What to produce – The answer must be the full listing, word for word, with no pictures in it.

The data –
*** Block opens ***
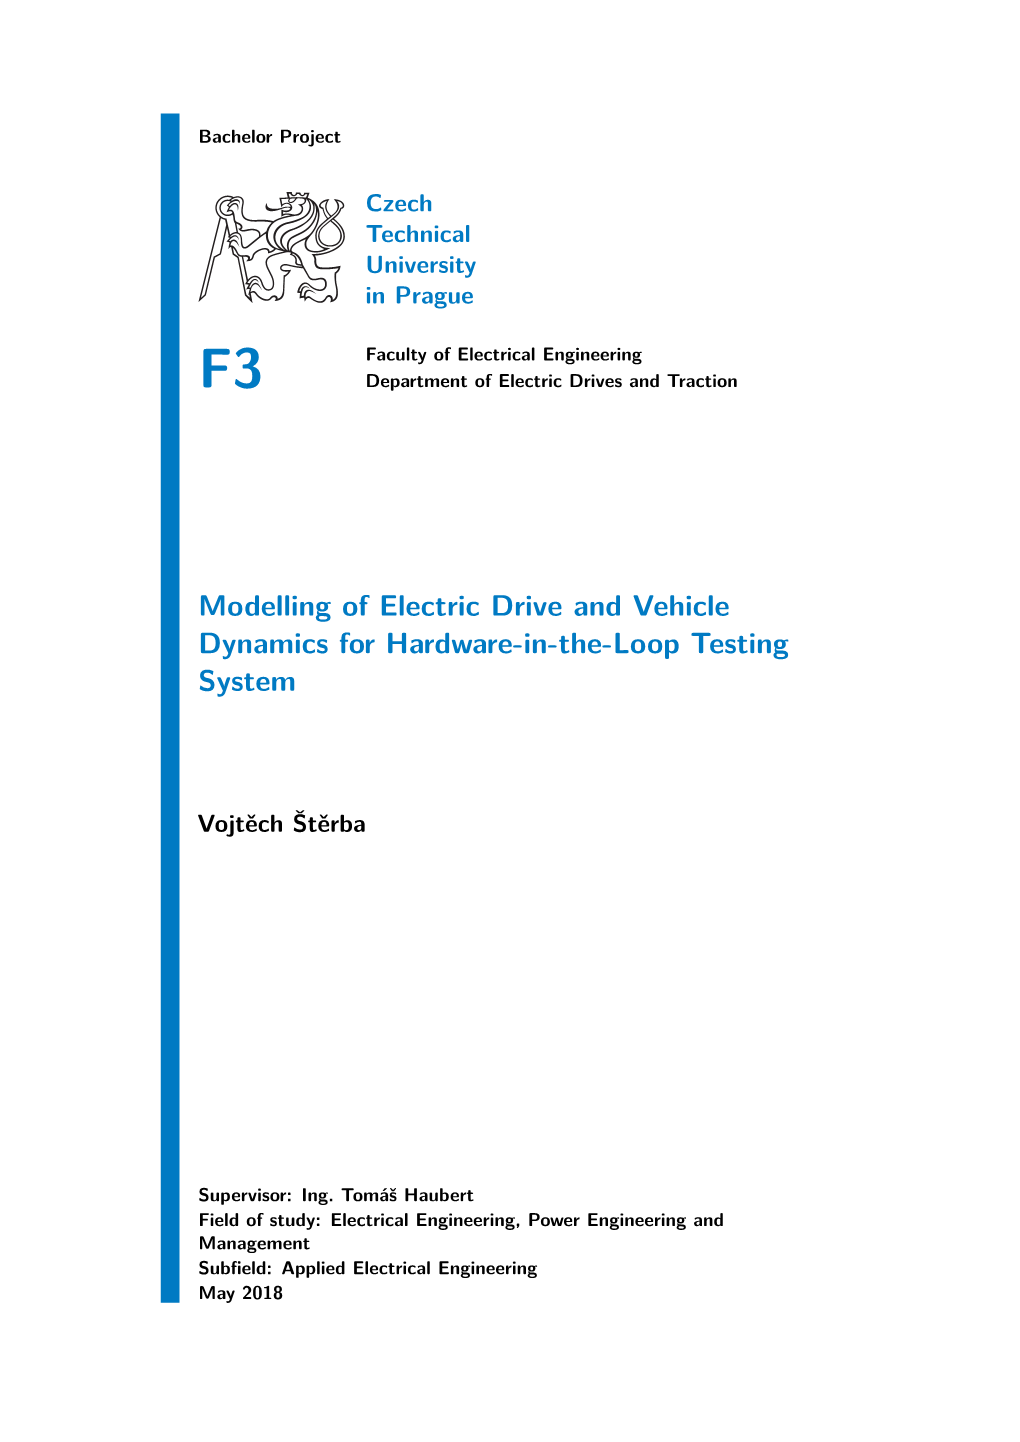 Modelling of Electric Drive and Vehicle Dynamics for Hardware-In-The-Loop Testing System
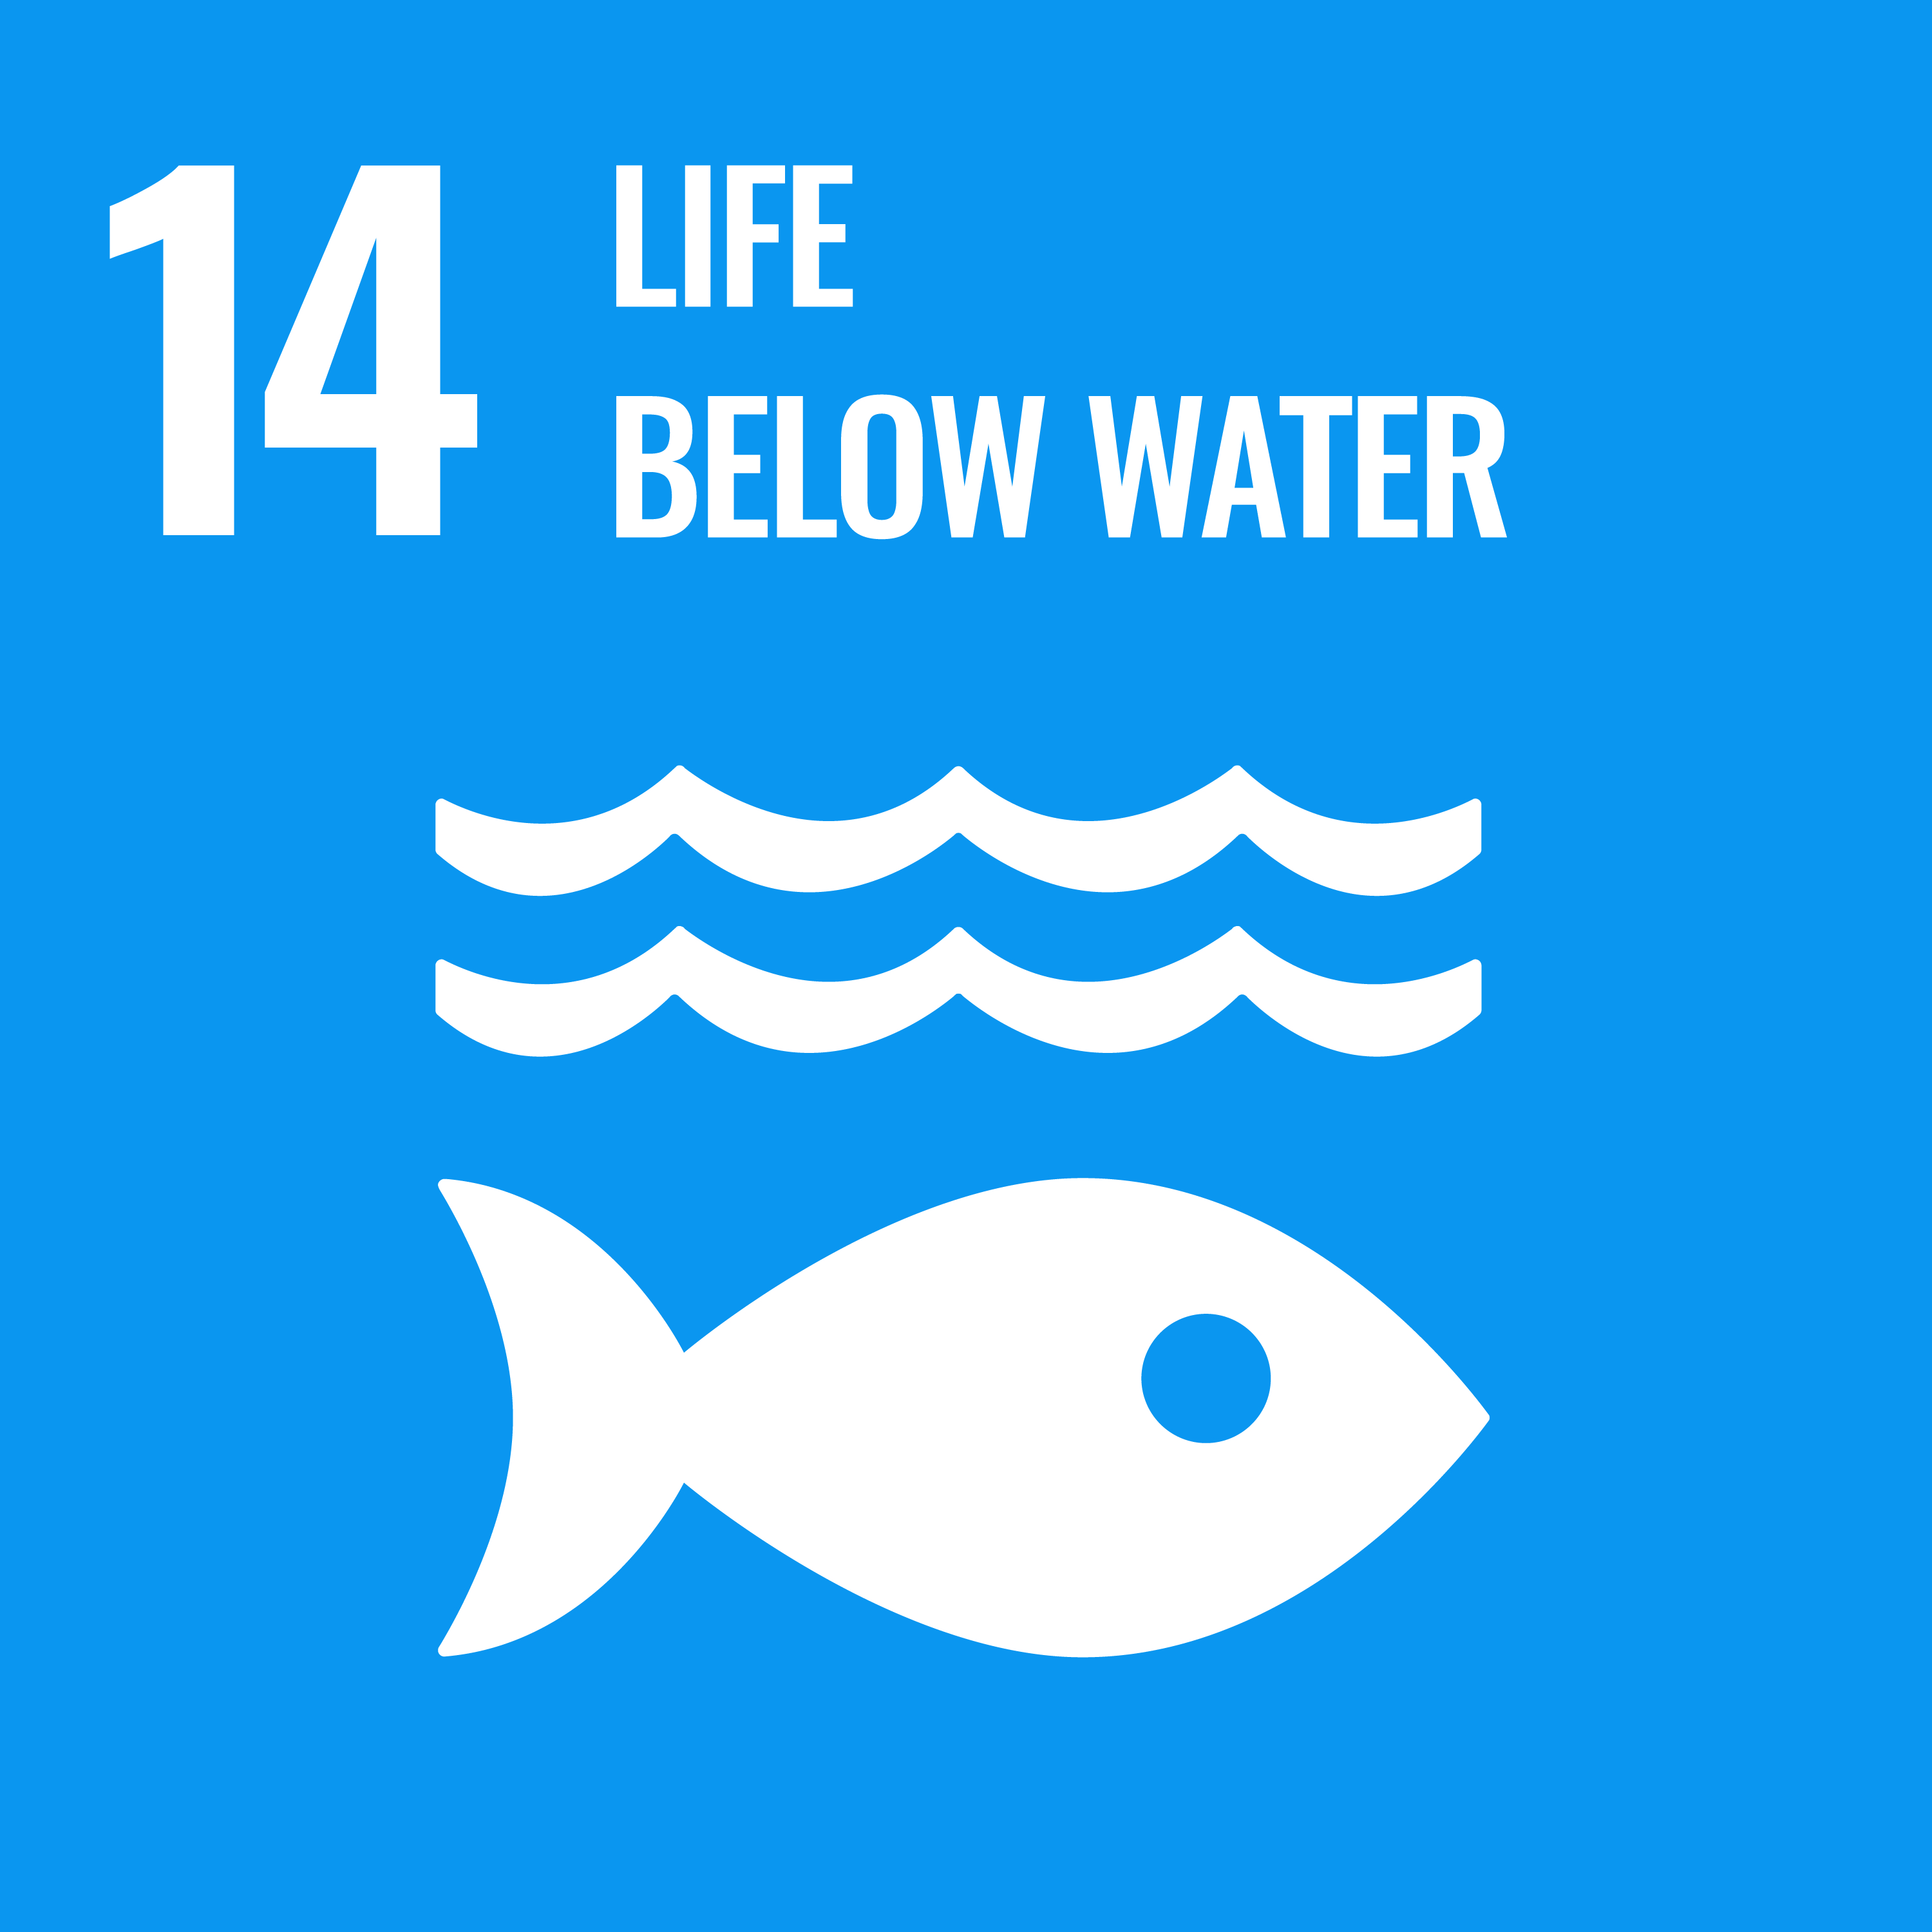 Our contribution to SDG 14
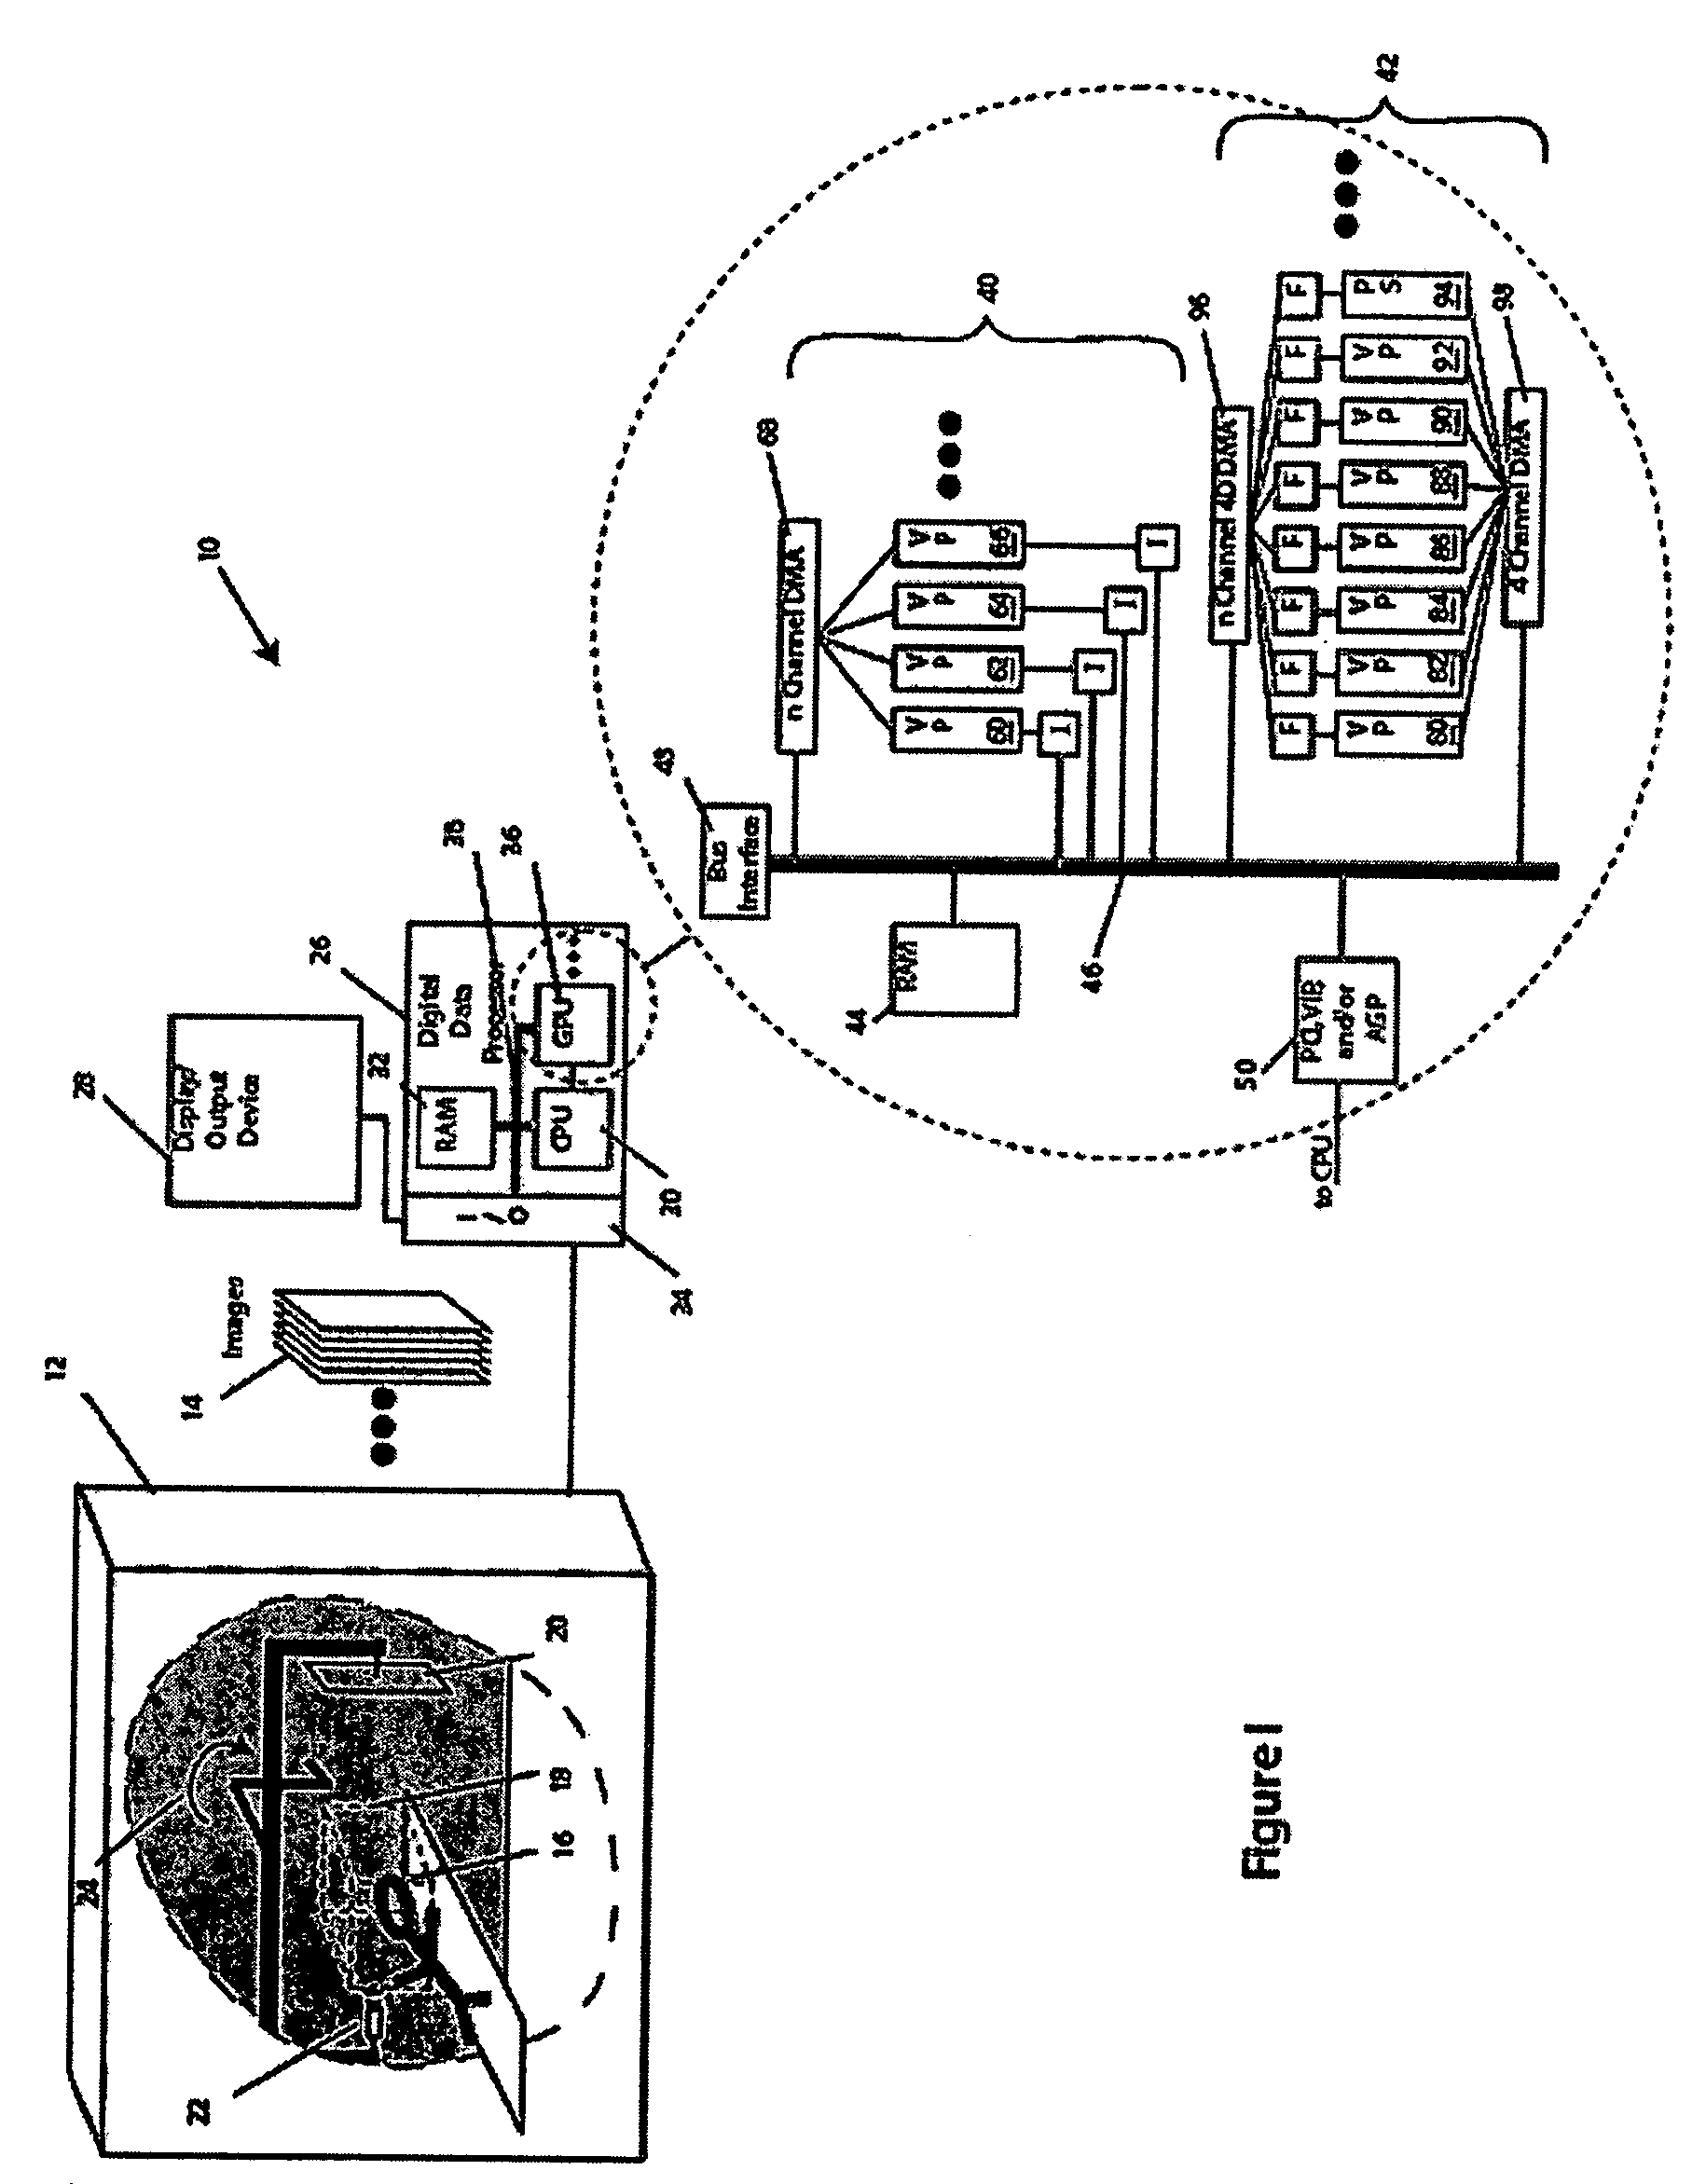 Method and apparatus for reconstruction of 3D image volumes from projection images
*** Block closes ***
Solved exercise –
 Modelling of Electric Drive and Vehicle Dynamics for Hardware-In-The-Loop Testing System
 Our contribution to SDG 14
 Method and apparatus for reconstruction of 3D image volumes from projection images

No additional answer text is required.